LISTED ENTRIES below:

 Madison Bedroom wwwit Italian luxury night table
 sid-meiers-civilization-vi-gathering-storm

End of LISTED ENTRIES.
LISTED ENTRIES below:

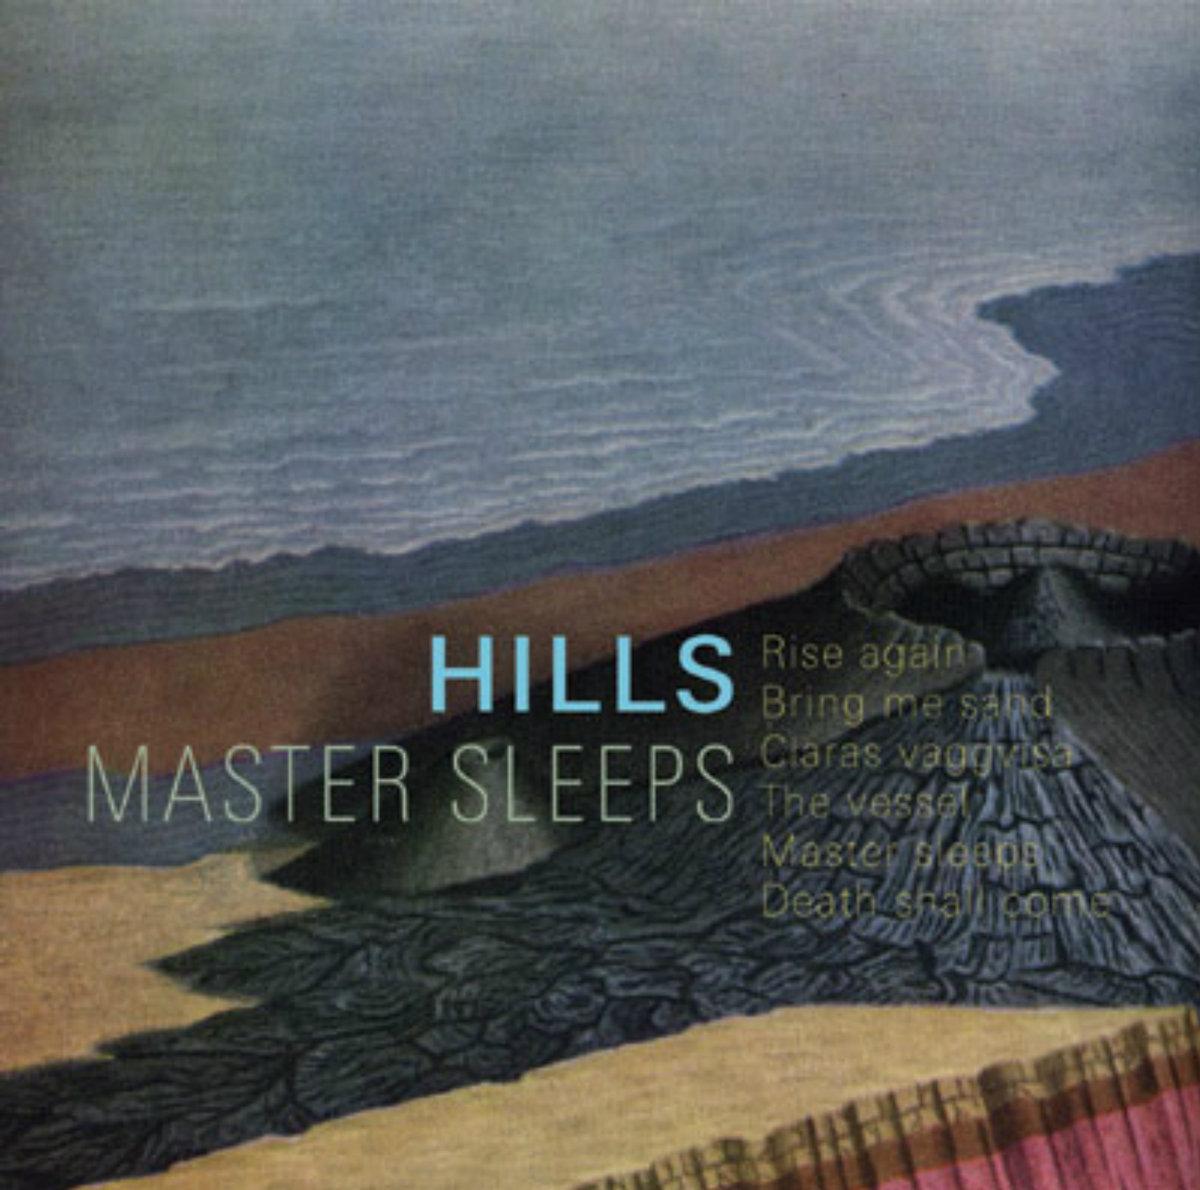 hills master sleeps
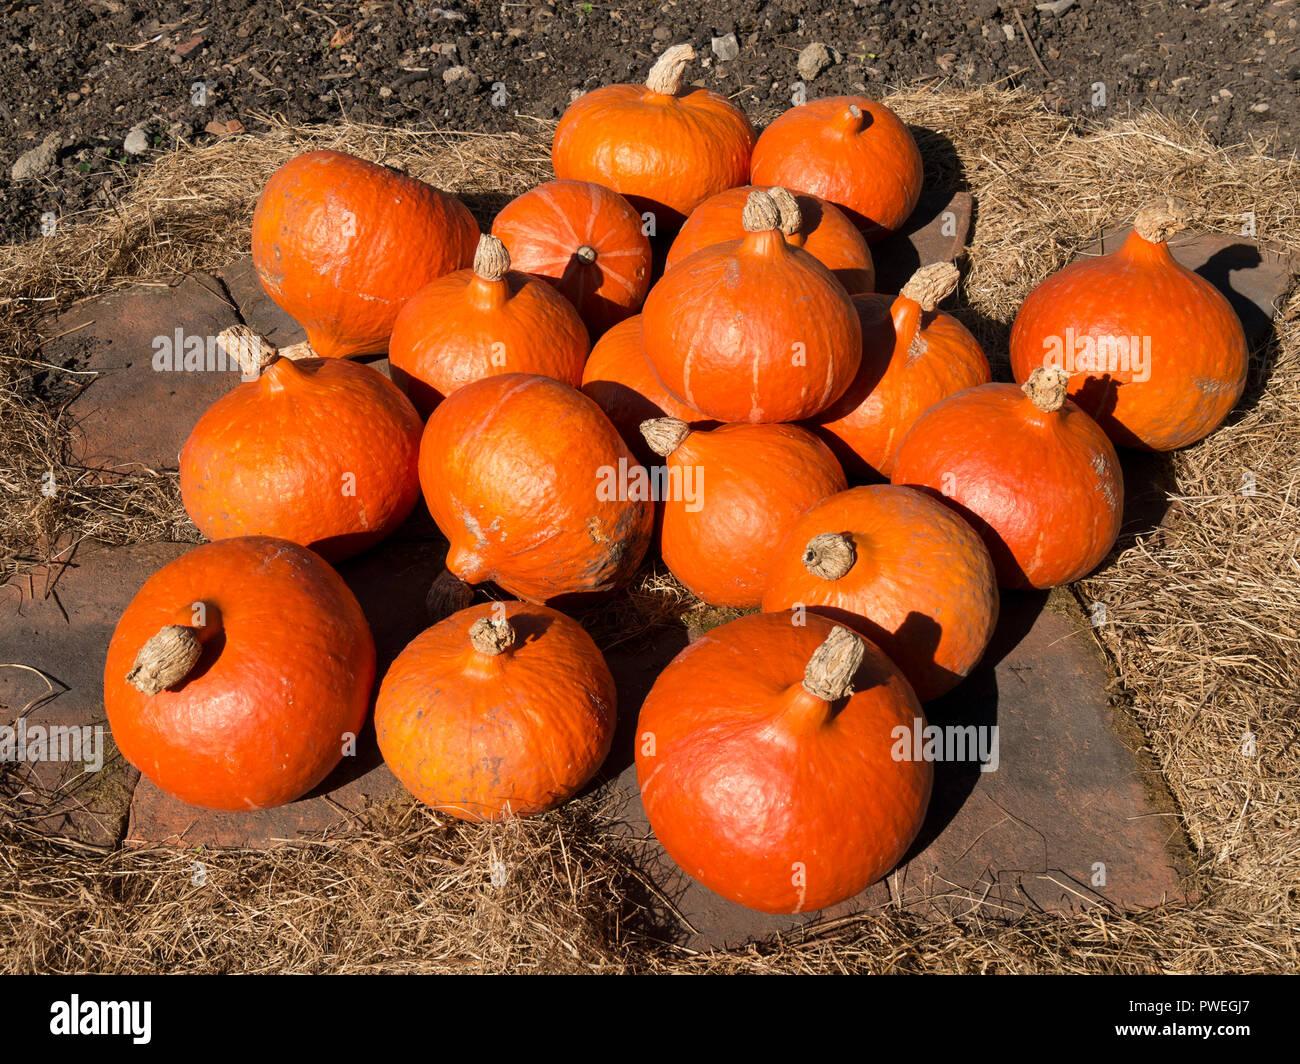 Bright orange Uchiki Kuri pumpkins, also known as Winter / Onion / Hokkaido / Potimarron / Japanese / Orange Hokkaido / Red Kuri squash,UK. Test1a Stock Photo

End of LISTED ENTRIES.
LISTED ENTRIES below:

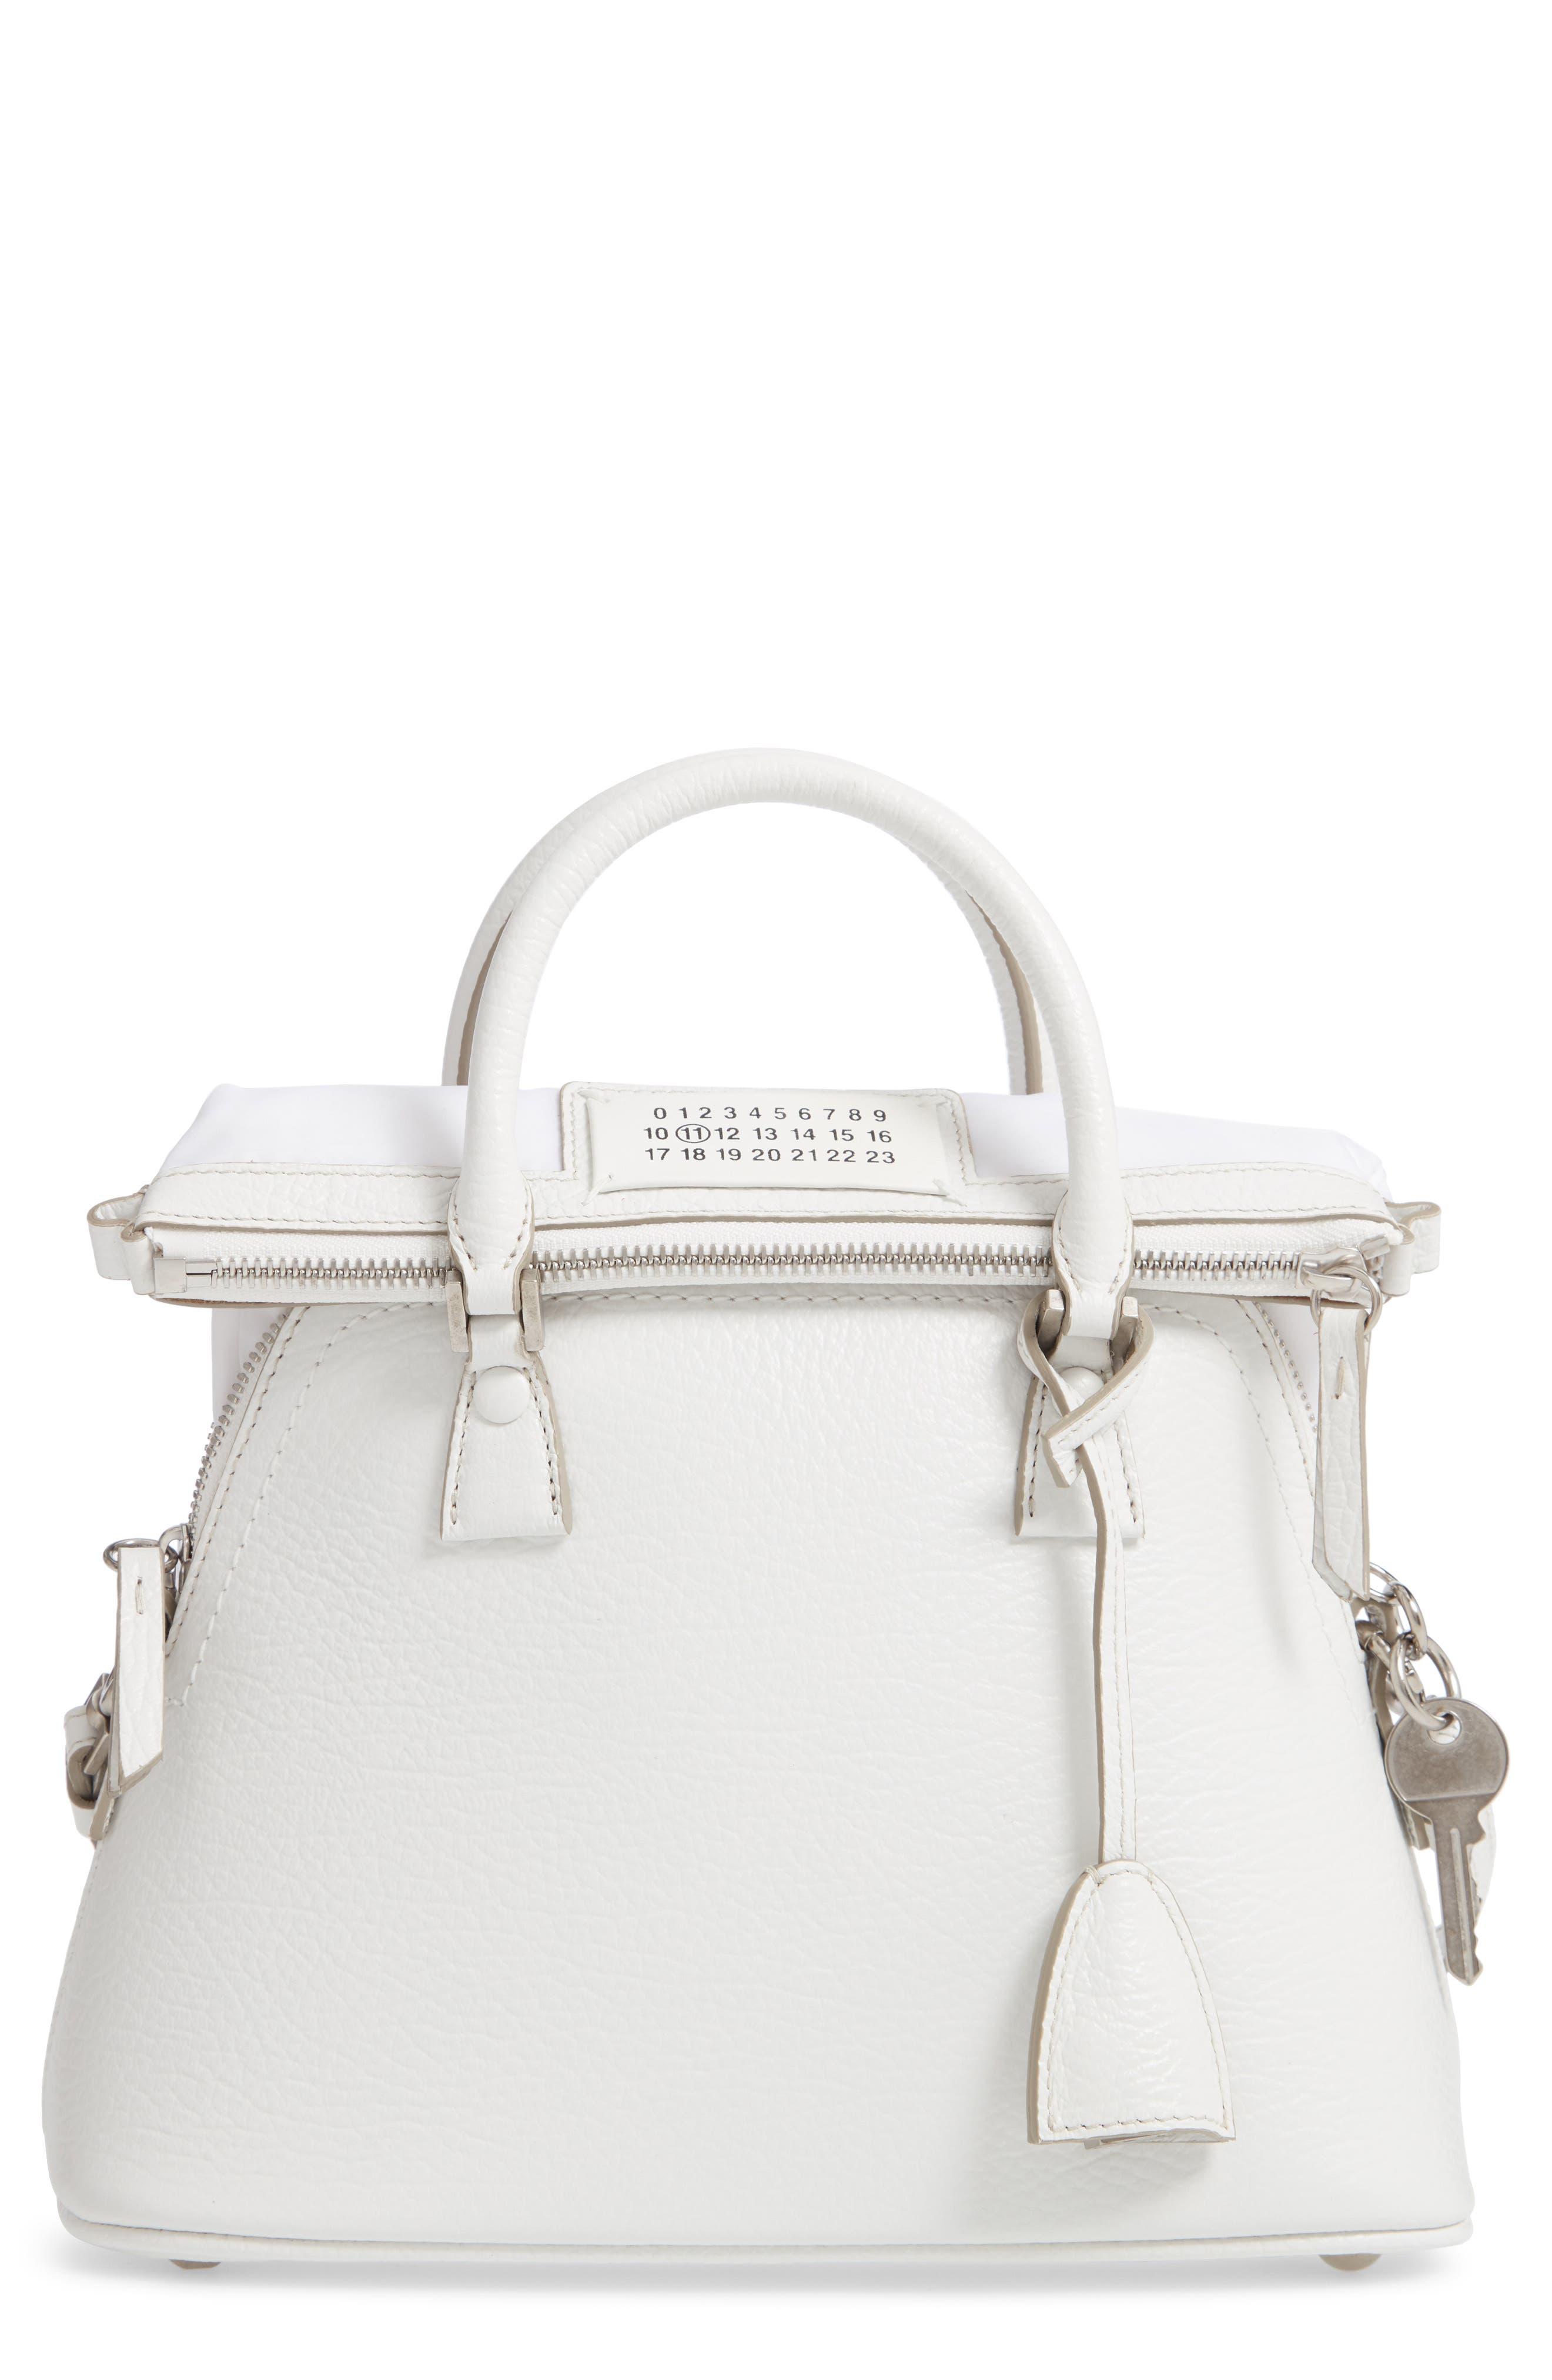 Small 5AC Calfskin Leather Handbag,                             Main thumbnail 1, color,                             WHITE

End of LISTED ENTRIES.

While skipping the pictures, transcribe the data above from the line showing "hills master sleeps" through the line showing "Bright orange Uchiki", exactly and with both ends.

 hills master sleeps
 Bright orange Uchiki Kuri pumpkins, also known as Winter / Onion / Hokkaido / Potimarron / Japanese / Orange Hokkaido / Red Kuri squash,UK. Test1a Stock Photo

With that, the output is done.